This is both readable and makes use of short circuiting. This means that if uppercase_regex.search(password) is not None evaluates as False then Python already knows the value of case is False and it doesn't bother searching the other regex.

If you wanted, you could even employ short circuiting with all four tests in your return statement, instead of searching after each compile:

def is_password_strong():
    password = input('Enter a password to test: ')

    length_regex = re.compile(r'.{8,}')
    uppercase_regex = re.compile(r'[A-Z]')
    lowercase_regex = re.compile(r'[a-z]')
    digit_regex = re.compile(r'[0-9]')

    return (length_regex.search(password) is not None
            and uppercase_regex.search(password) is not None
            and lowercase_regex.search(password) is not None
            and digit_regex.search(password) is not None)

This now organises all your compiles to be neatly together, and then all the tests are in the return itself. This also means you can make use of short circuiting. This is a simple example, but in a more complex one you could arrange the order of tests so that the quickest ones and the ones that fail most often come first, and expensive or rarely failed ones are at the end so that you reduce the number of redundant tests.
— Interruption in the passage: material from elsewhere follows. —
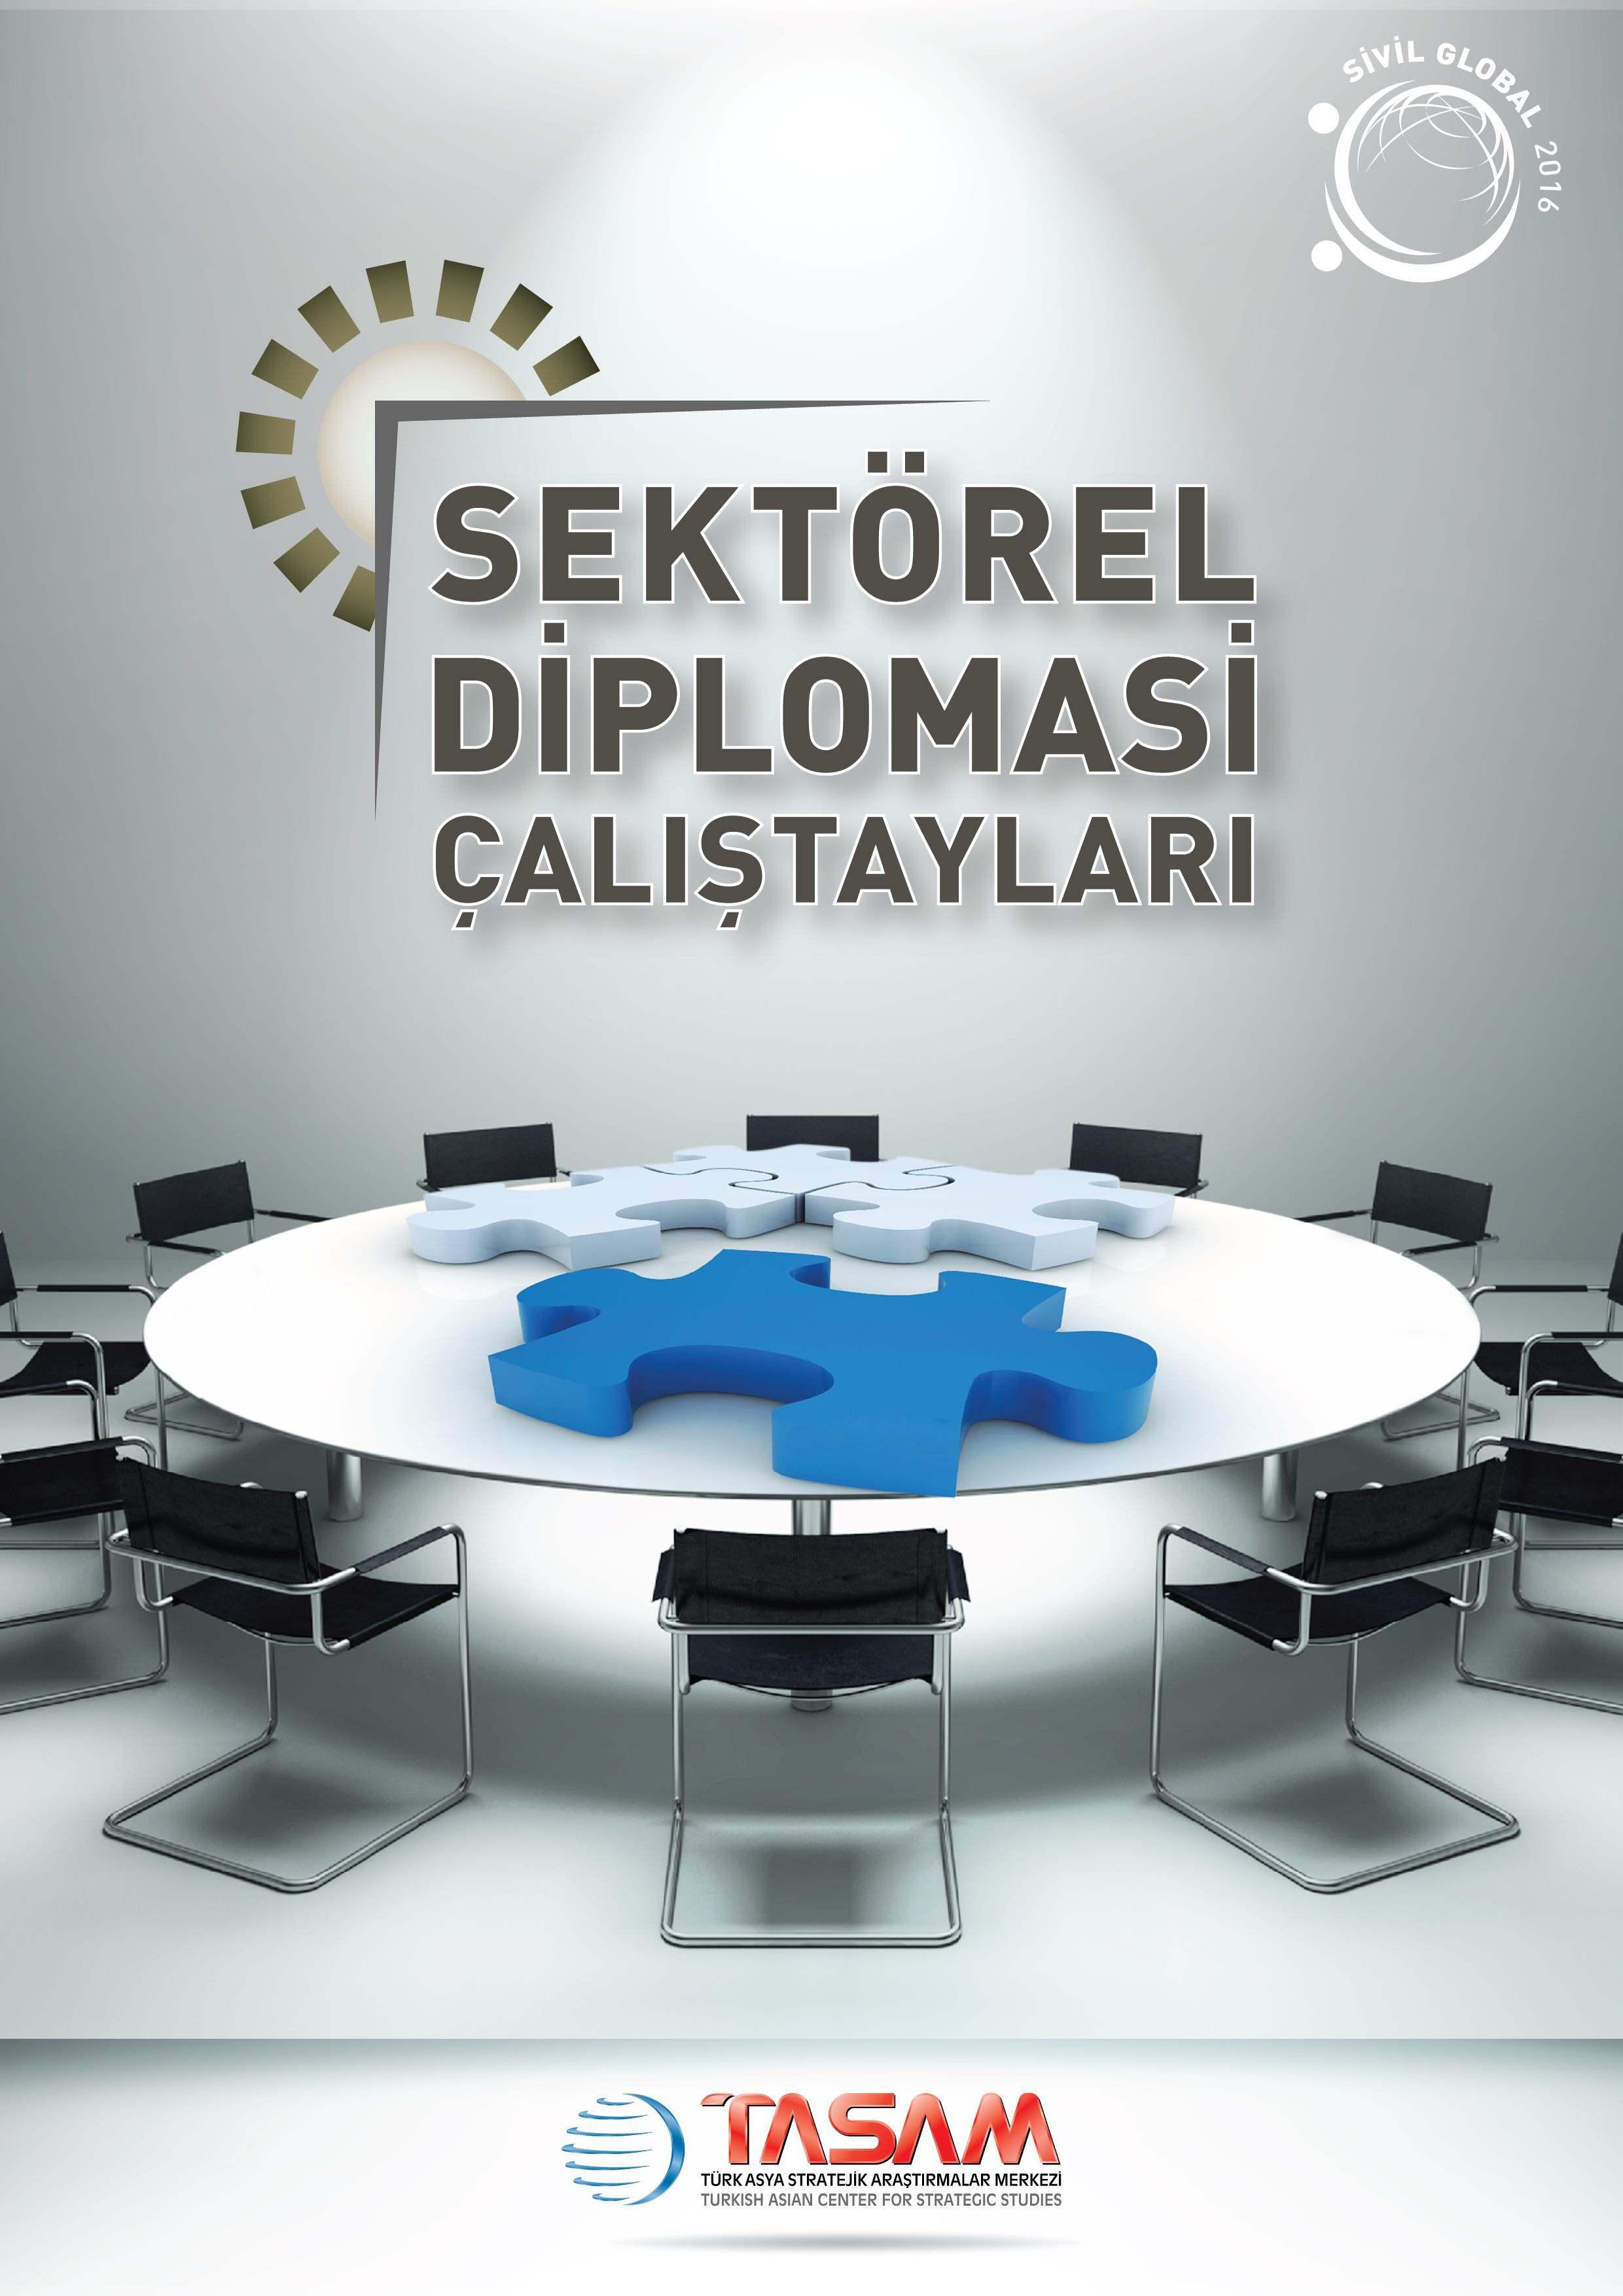 Sektörel Diplomasi Çalıştayları

You could do the same with your non regex example. Your mileage may vary about readability, but I think not having read regex strings makes it easier to follow:

def is_password_strong():
    password = input('Enter a password to test: ')

    return (len(password) >= 8
            and password != password.upper()
            and password != password.lower()
            and any(c.isdigit() for c in password))

Also you should have a docstring clarifying what the criteria are:

def is_password_strong():
    """Returns a boolean indicating if the password is strong

    Strong passwords are 8 characters or longer,
    contain at least one uppercase letter,
    lowercase letter and digit."""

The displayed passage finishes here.